Cyber Risk Management: Whose Responsibility?
The consequences of the Capital One data breach go beyond direct loss and business interruption. Within 24 hours of the breach announcement plaintiff attorneys had filed class action suits; the FBI and New York’s Attorney General are investigating. Capital One’s Directors and Officers Liability insurers will have to respond to claims, and other boards will be watching the outcome.
Writing in the Harvard Law School Forum on Corporate Governance and Financial Regulation, consultant John Reed Stark discusses “What the Capital One Hack Means for Boards of Directors” (https://corpgov.law.harvard.edu/2019/08/17/what-the-capital-one-hack-means-for boards-of-directors):
Third parties such as vendors, partners, and business associates can pose “a challenging and existential cybersecurity threat” to organizations. The maturity level of vendor risk management is still lacking despite greater awareness of the problems.
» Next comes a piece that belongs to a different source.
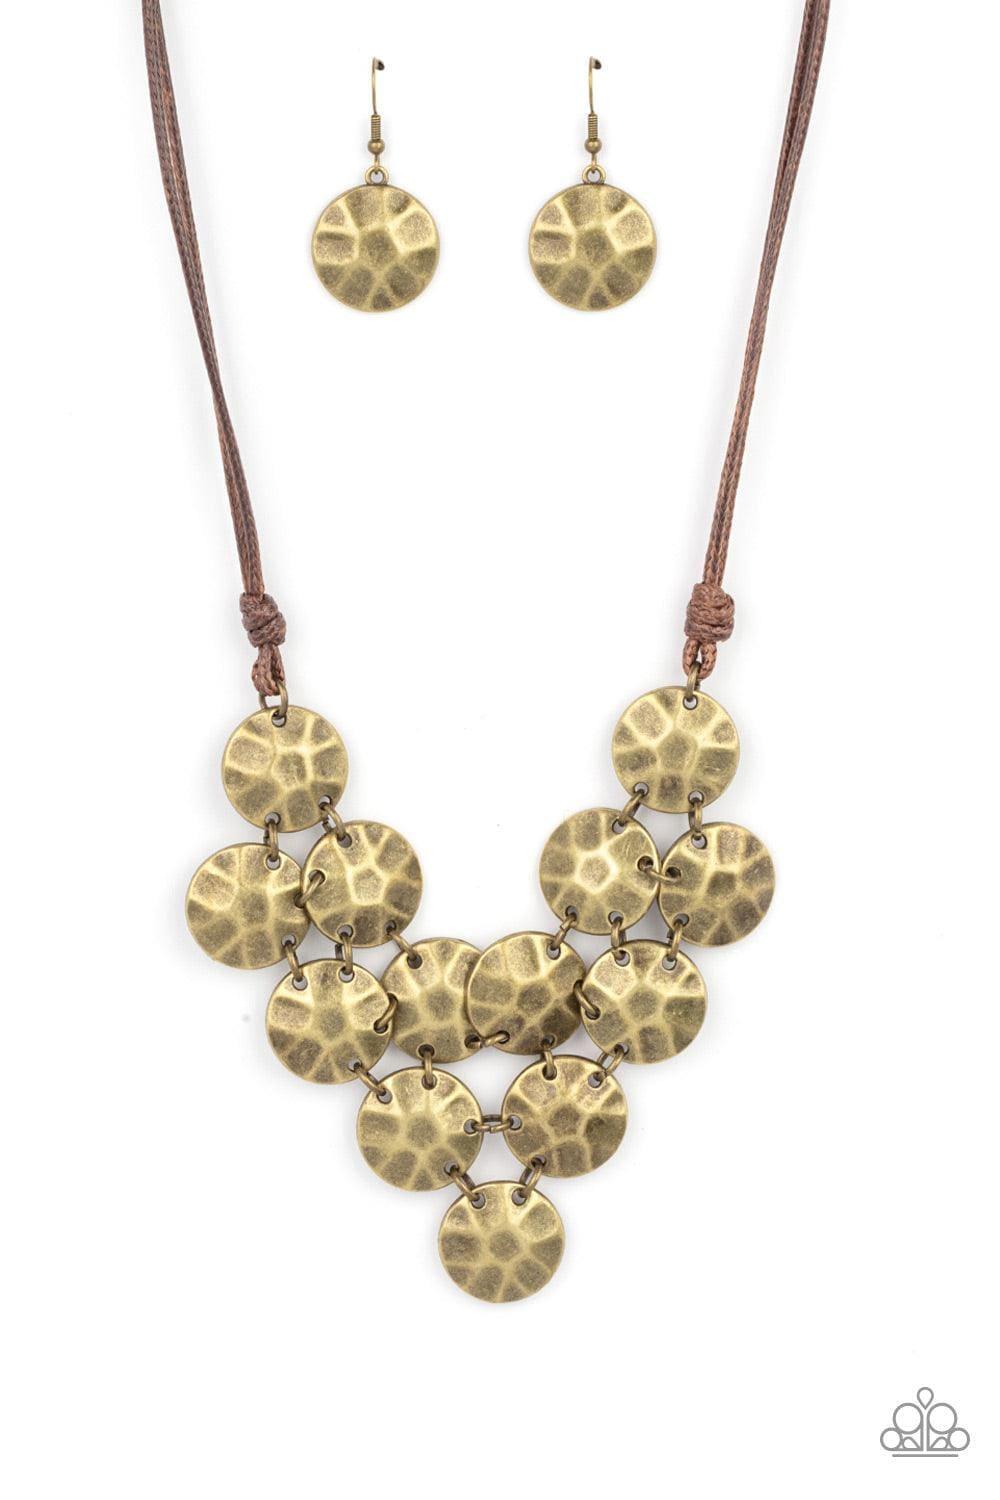 Paparazzi Accessories - Token Treasure - Brass Necklace - Bling by JessieK

Stark recommends a comprehensive strategic framework for boards of directors to supervise a company’s third party cybersecurity risks, with special attention to cloud computing services. (See my blog “Cloud (In)Security” for a discussion of cloud risks.) According to PWC, 63% of cyber attacks can be traced to third parties. Vendors often have less stringent security making them an easier target for attackers trying to breach large companies. Target, JP Morgan, Applebee’s and BestBuy are examples of companies hacked through third parties.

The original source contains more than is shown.